Personal information
- Born: February 16, 2003 (age 23) Ringgold, Virginia, U.S.
- Listed height: 5 ft 10 in (1.78 m)
- Listed weight: 175 lb (79 kg)

Career information
- High school: Dan River (Ringgold)
- College: UVA Wise (2021–2022) Robert Morris (2023–2024)
- NFL draft: 2025: undrafted

Career history
- BC Lions (2025); Indianapolis Colts (2026)*; BC Lions (2026–present);
- * Offseason or practice squad member only
- Stats at Pro Football Reference
- Stats at CFL.ca

= Robert Carter Jr. (gridiron football) =

American football player (born 2003)

Robert Carter Jr. (born February 16, 2003) is an American professional football cornerback for the BC Lions of the Canadian Football League (CFL). He played college football for the Virginia-Wise Cavaliers before transferring to the Robert Morris Colonials after two years. He has also played for the BC Lions of the Canadian Football League (CFL).

== College career ==
In two years with the UVA Wise Cavaliers, Carter Jr. played 22 games, making 77 tackles, and returning kicks, including a career best 96-yard return against Emory & Henry.
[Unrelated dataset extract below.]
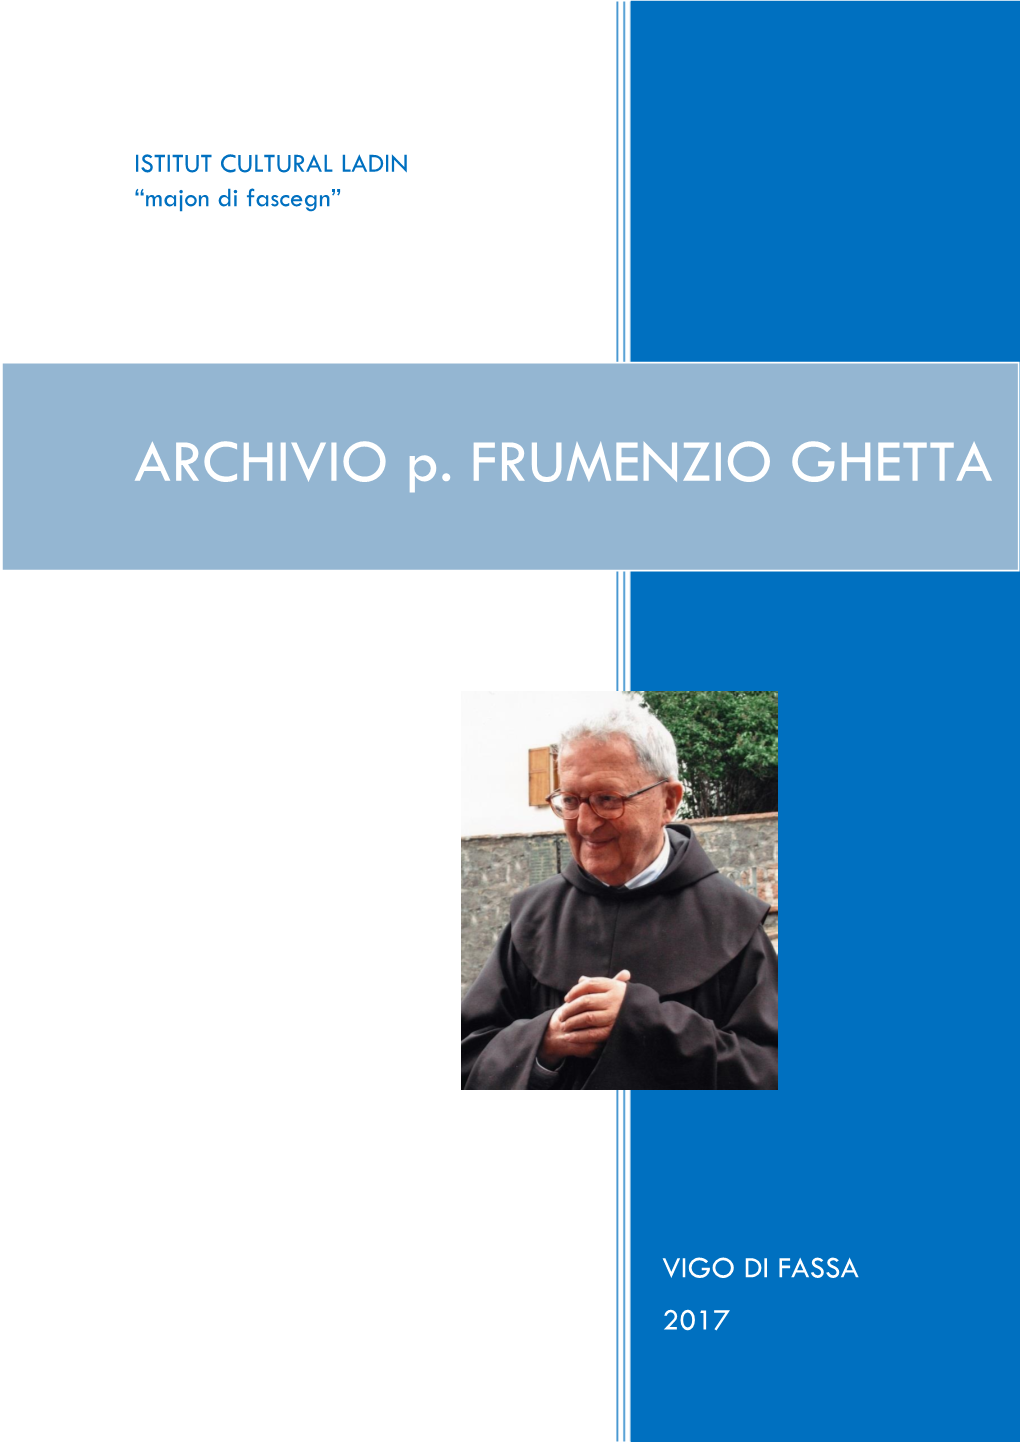 ARCHIVIO P. FRUMENZIO GHETTA
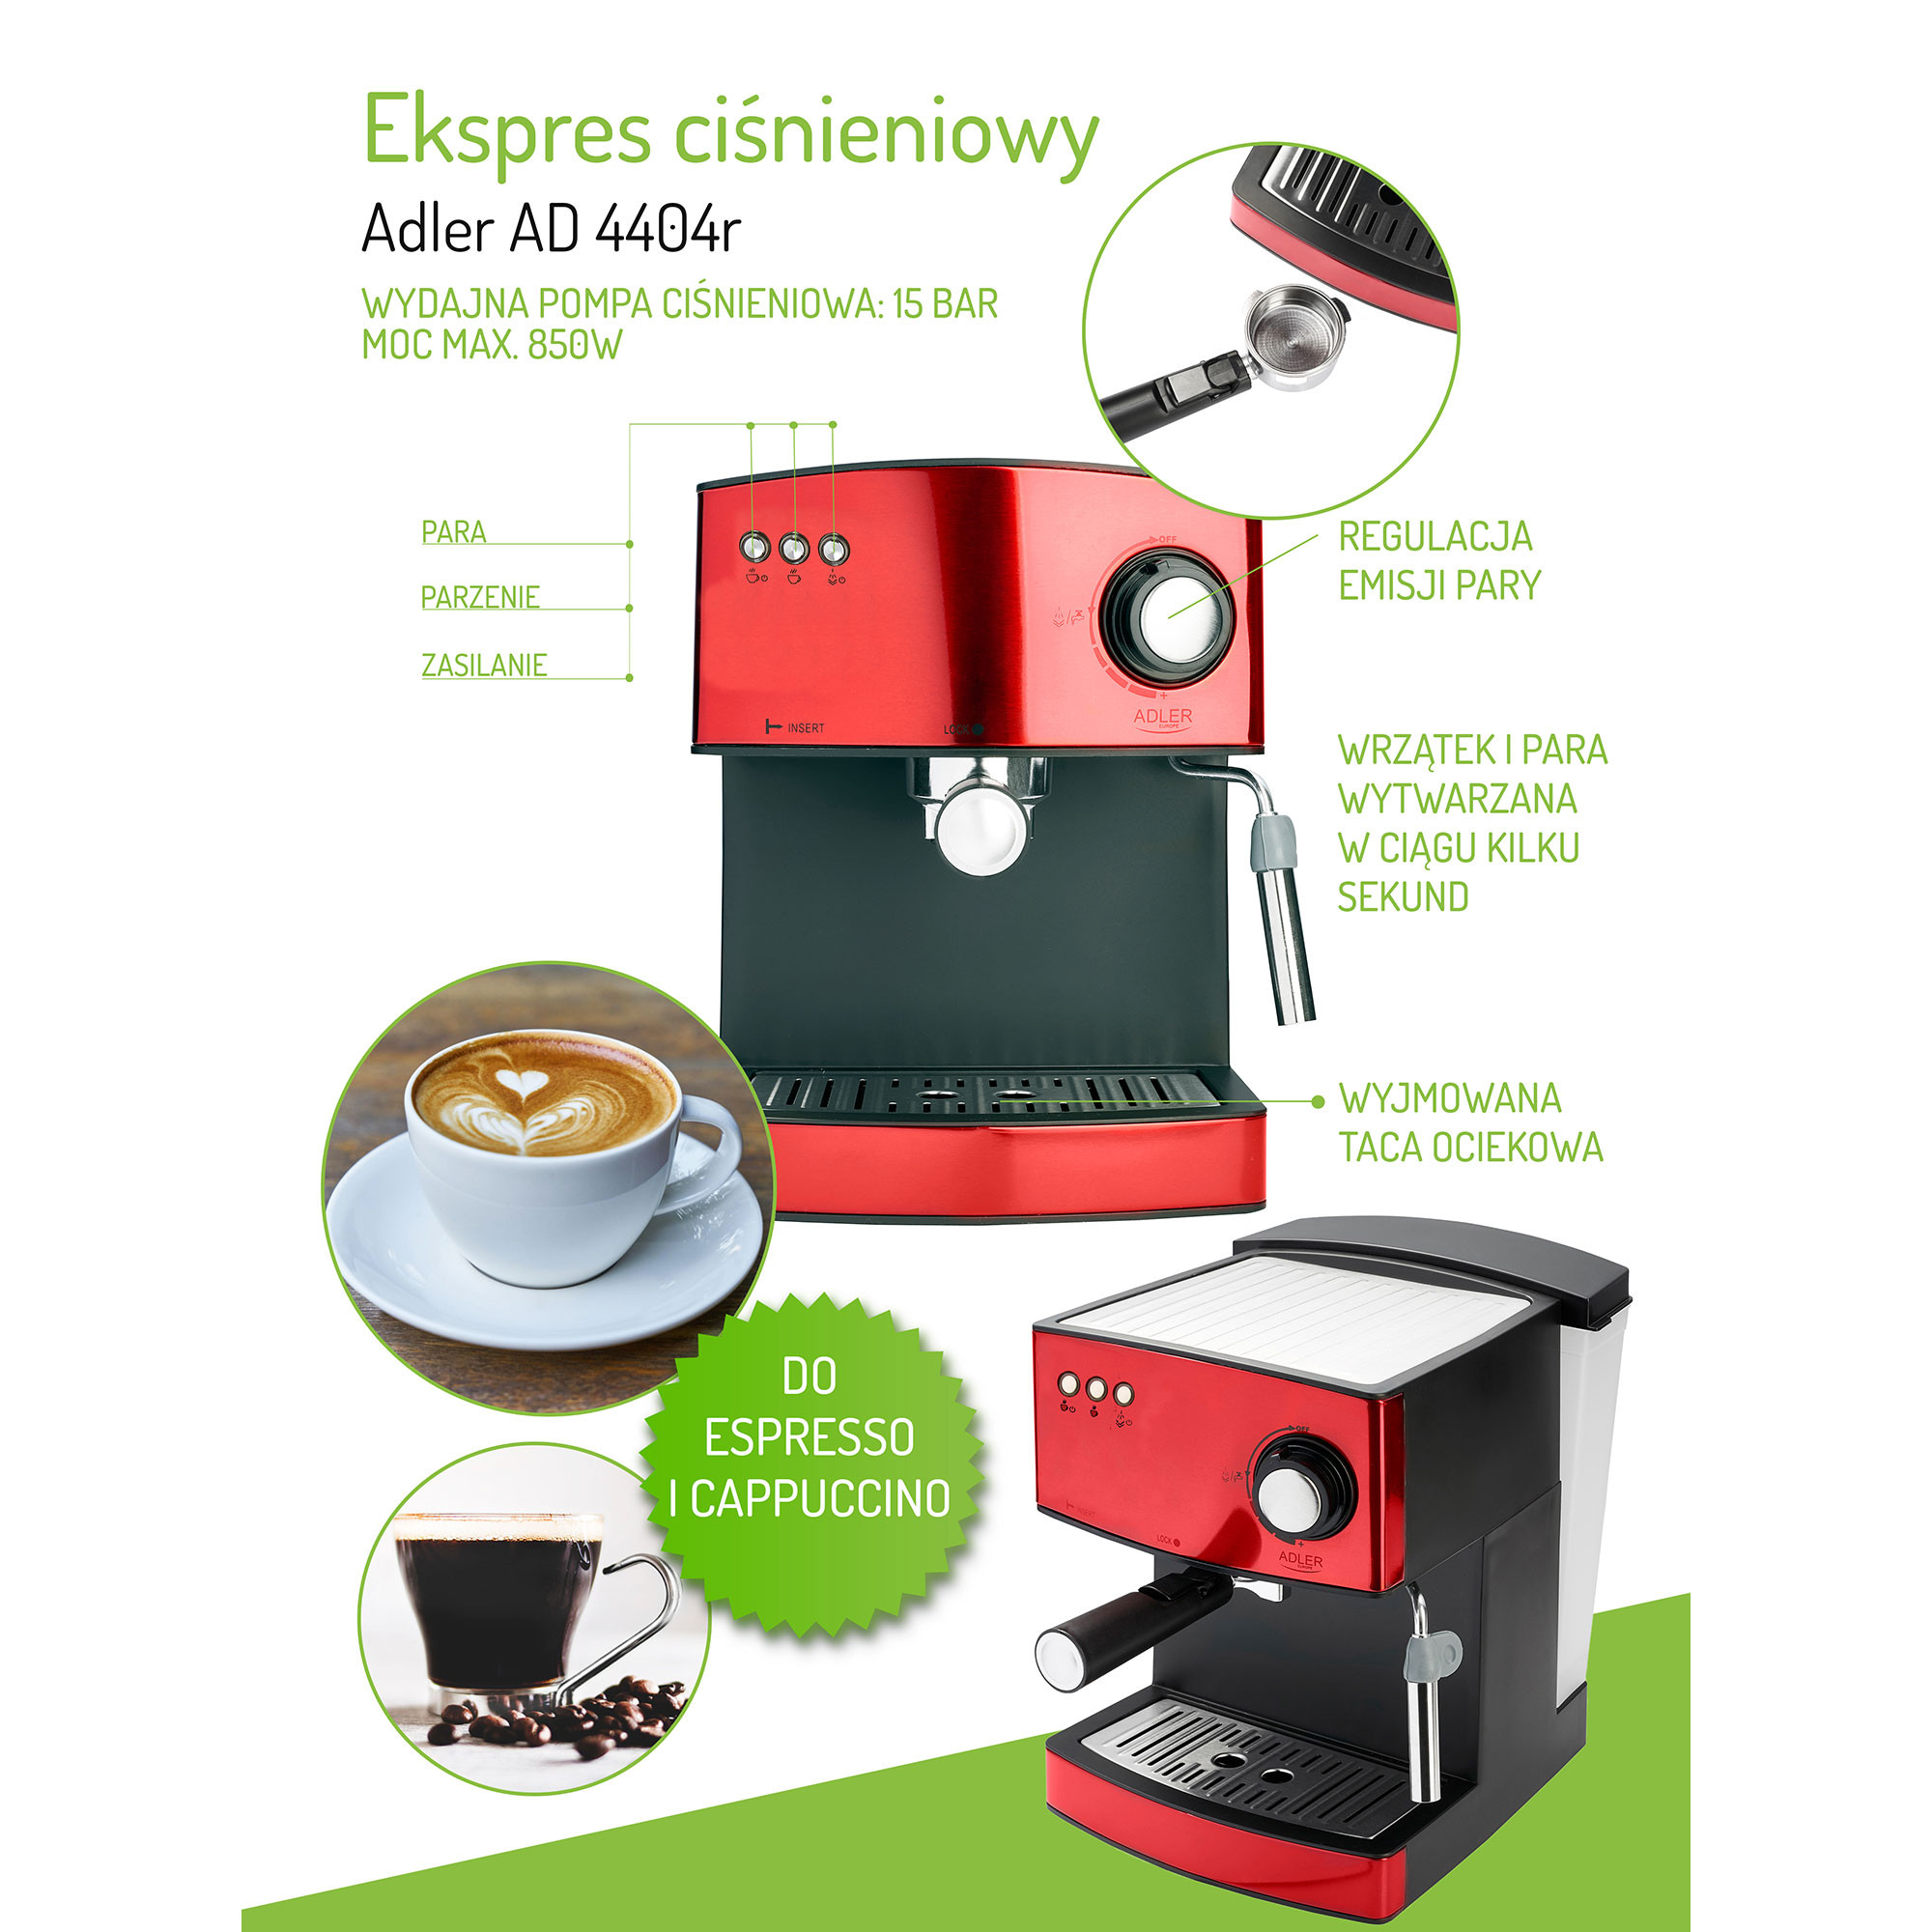 Espresso y Capuccino 850W 850 W Adler AD 4404CR Cafetera Automática 15 Bares Color Cobre Vaporizador para Espumar Leche Depósito 1,6 L para Preparar Café Latte Calienta Tazas Aluminio

In the 2023 season, Carter Jr. played 10 games for the Robert Morris Colonials, making 22 tackles, including 17 solo tackles. He also returned 12 kickoffs for 293 yards, with his longest return being 44 yards. In 2024, Carter Jr. played 12 games, making 44 tackles, including 28 solo tackles. That year he ran back 10 kickoffs, including a 92-yard return for a touchdown against Central Connecticut. That return led to him being named NEC Player of the Week.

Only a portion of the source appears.